As for the lighting, I only used it to check on the various statuses that the band tracks. For example, every time I double tapped the top of the wearable, the three LED lights beneath shone to indicate how much battery life it has left. Of course, I could also check if I met my daily goals for steps, calories and sleep time. However, you have to tell the Nabu X which one to check via the app. Unfortunately, it can only display one piece of information at a time, and it doesn't allow you to cycle through the various status reports.

You could also look at your fitness statistics using one of the apps that works with the Nabu X. For iOS users, it works with the built-in Health app, so you don't need to actually install another app other than the utility program to control the wristband, which also shows the other apps that work with the Nabu X. There were only two apps available, and both already have similar features to the Health app, so it's not necessary to even install them.

Even so, I downloaded the Nabu fitness app, which provided a quick glance of numbers of the data it tracked. Pressing on one of the fields expands the view to a visual representation of the data through a graph, showing the peaks of activity during the day. For sleeping, it showed the various phases of light and deep sleep, which was enlightening considering I constantly move in my sleep.

Additionally, the app allows you to set goals for the number of steps you take every day, a target distance of travel, calories burned and the amount of sleep you get each night. These only track the day though, and not individual sessions, such as an hour at the gym. Those who are strict about their workout data might want to look at other options.

Making Friends

Notifications and fitness aside, there's also a social feature that Razer calls Handshake. When you meet another person with the Nabu or Nabu X, you can shake their hand, and social data (specifically Facebook and/or Twitter information) will be exchanged between the two users. In addition, there's also Pulse, which will make the band vibrate if there's another Nabu user near you.

I tried the Handshake feature for almost an hour to no avail, specifically with Twitter. Every time I shook my friend's hand, our bands vibrated and lit up to show that a Handshake occurred. However, no new information from Twitter surfaced about the Handshake. When we were trying to figure out the problem, the Pulse feature also activated every few seconds, reminding us that another Nabu user was around, even though we were only a few feet away from each other. You can turn off Pulse completely, though, so that Handshake is the only way to communicate with other users.

Razer also said that developers can make apps that incorporate the Nabu X as a way to play games. There isn't an app like that yet for the iOS users.

Not A Full Spectrum

As a fitness tracker and extension of your phone, the Nabu X delivers by providing fitness statistics on four different levels throughout the day.

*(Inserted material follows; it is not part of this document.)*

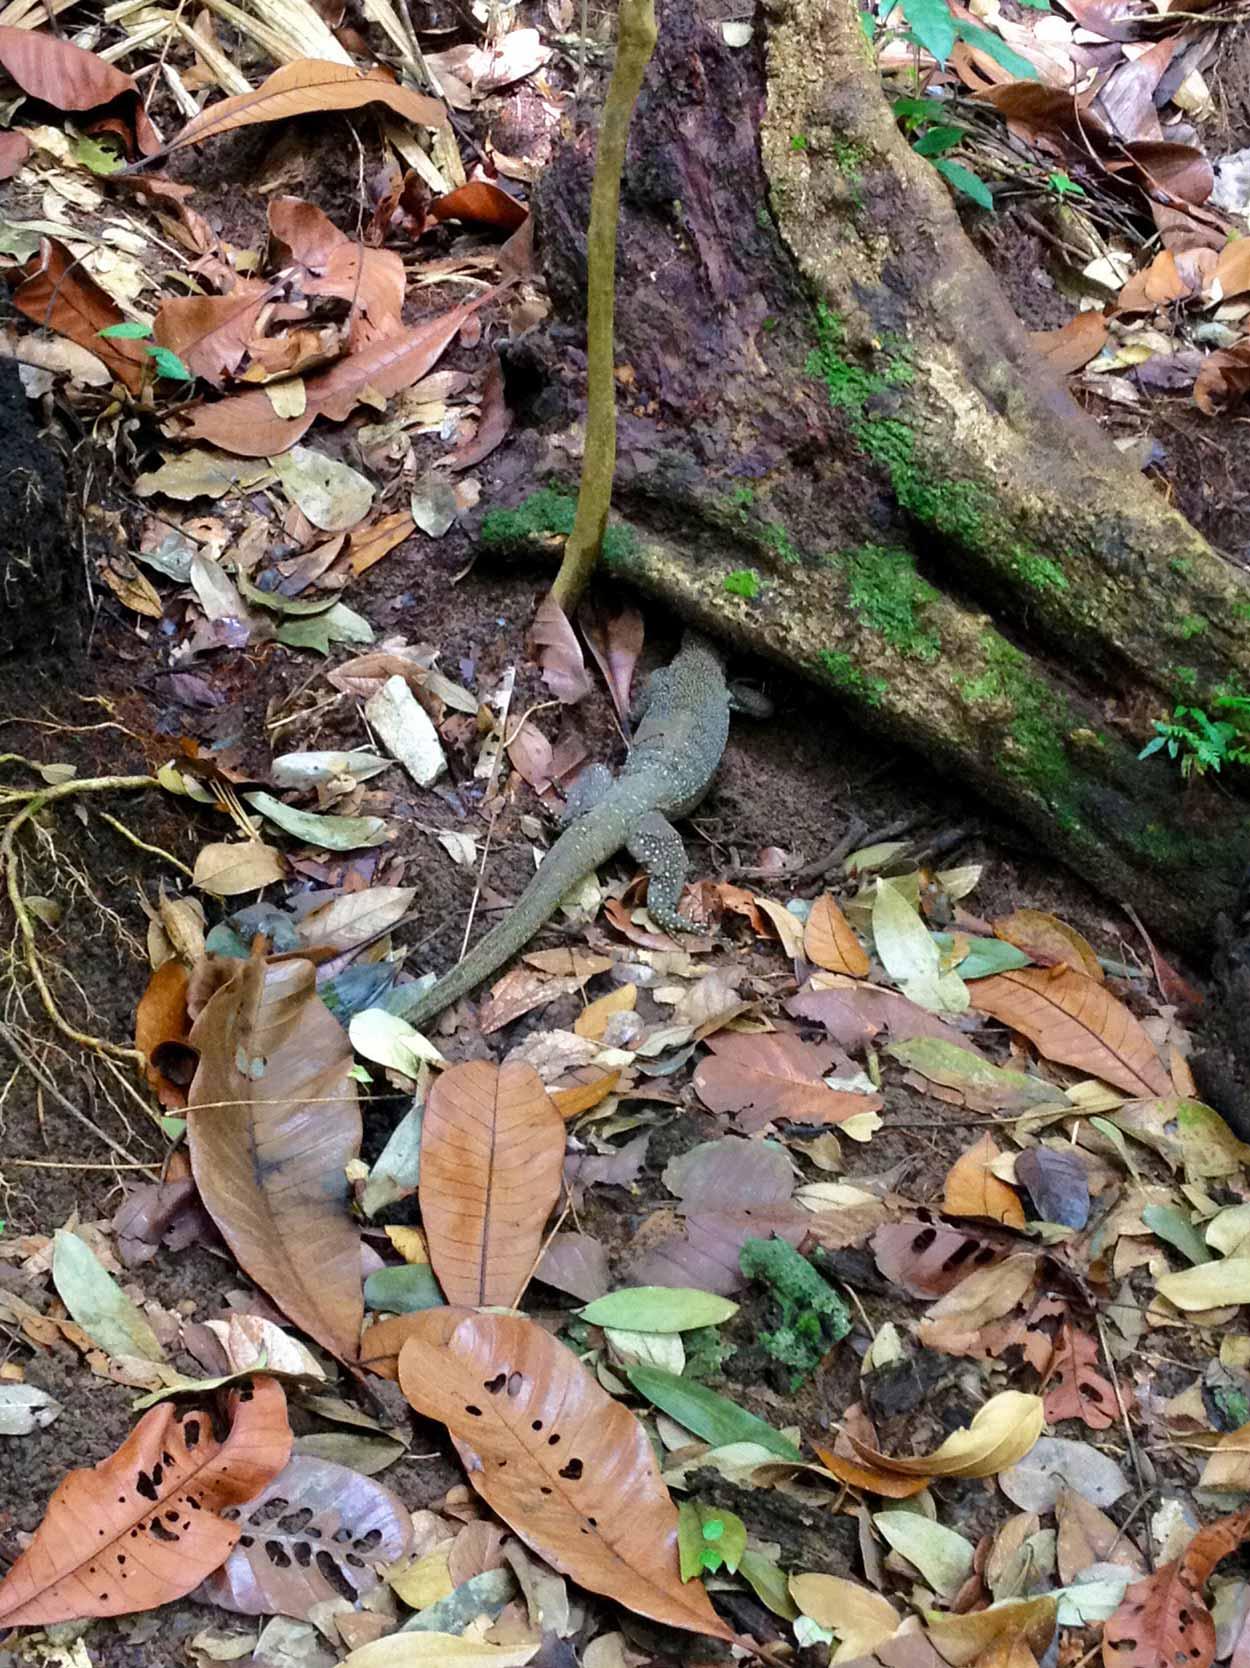 A hiding lizard, Bukit Timah, Singapore
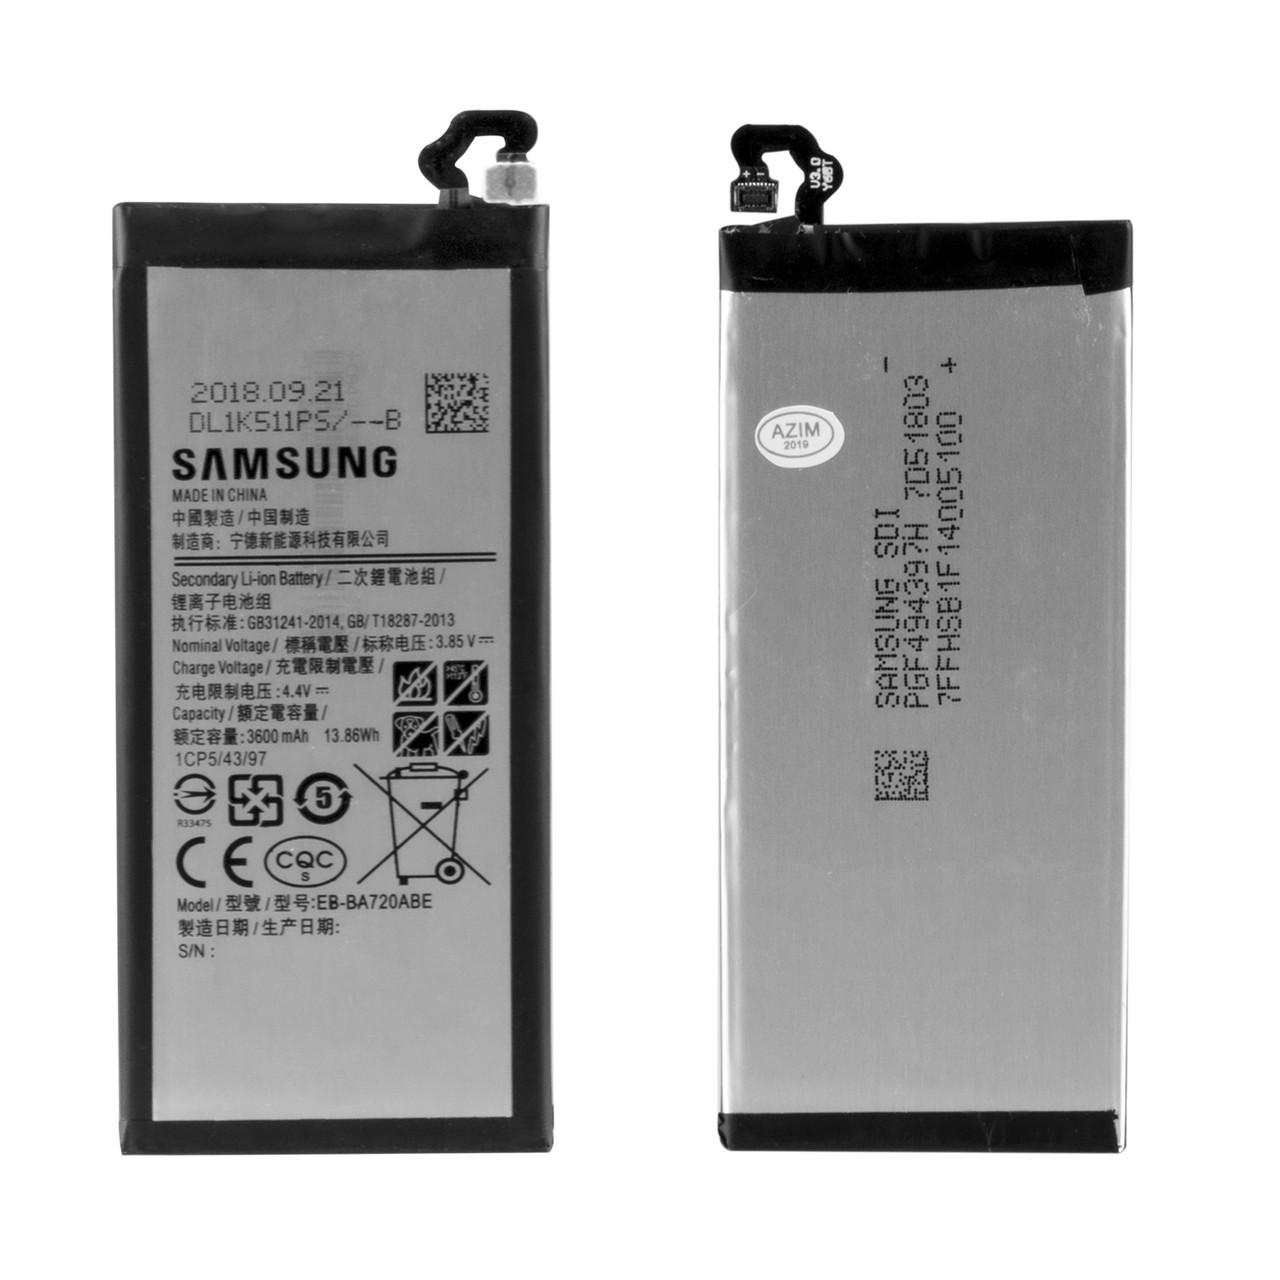 Аккумулятор Samsung Galaxy A7 (2017) A720 EB-BA720ABE 3600mAh Original Double IC plastic box

Its vibration and LED lights serve as a nudge on your wrist, informing you of the latest notifications on your phone without having to pull it out all the time. At around $50, it's definitely a contender for a budget wearable.

However, it falls apart on social interaction, with a few too many bugs in the system that makes what should be a flawless experience turn into an awkward situation. The unfortunate part is that not a lot of people are developing apps for the Nabu X, which could boost not only the social aspect, but the entire product as well.

Razer is known as a gaming peripheral company, and the Nabu X is one of its first steps into the lifestyle category. It's not a bad start, but if the right improvements are made in the next model, and if more developers are willing to create content for the Nabu, it can take off in an industry saturated with smart, wearable technology.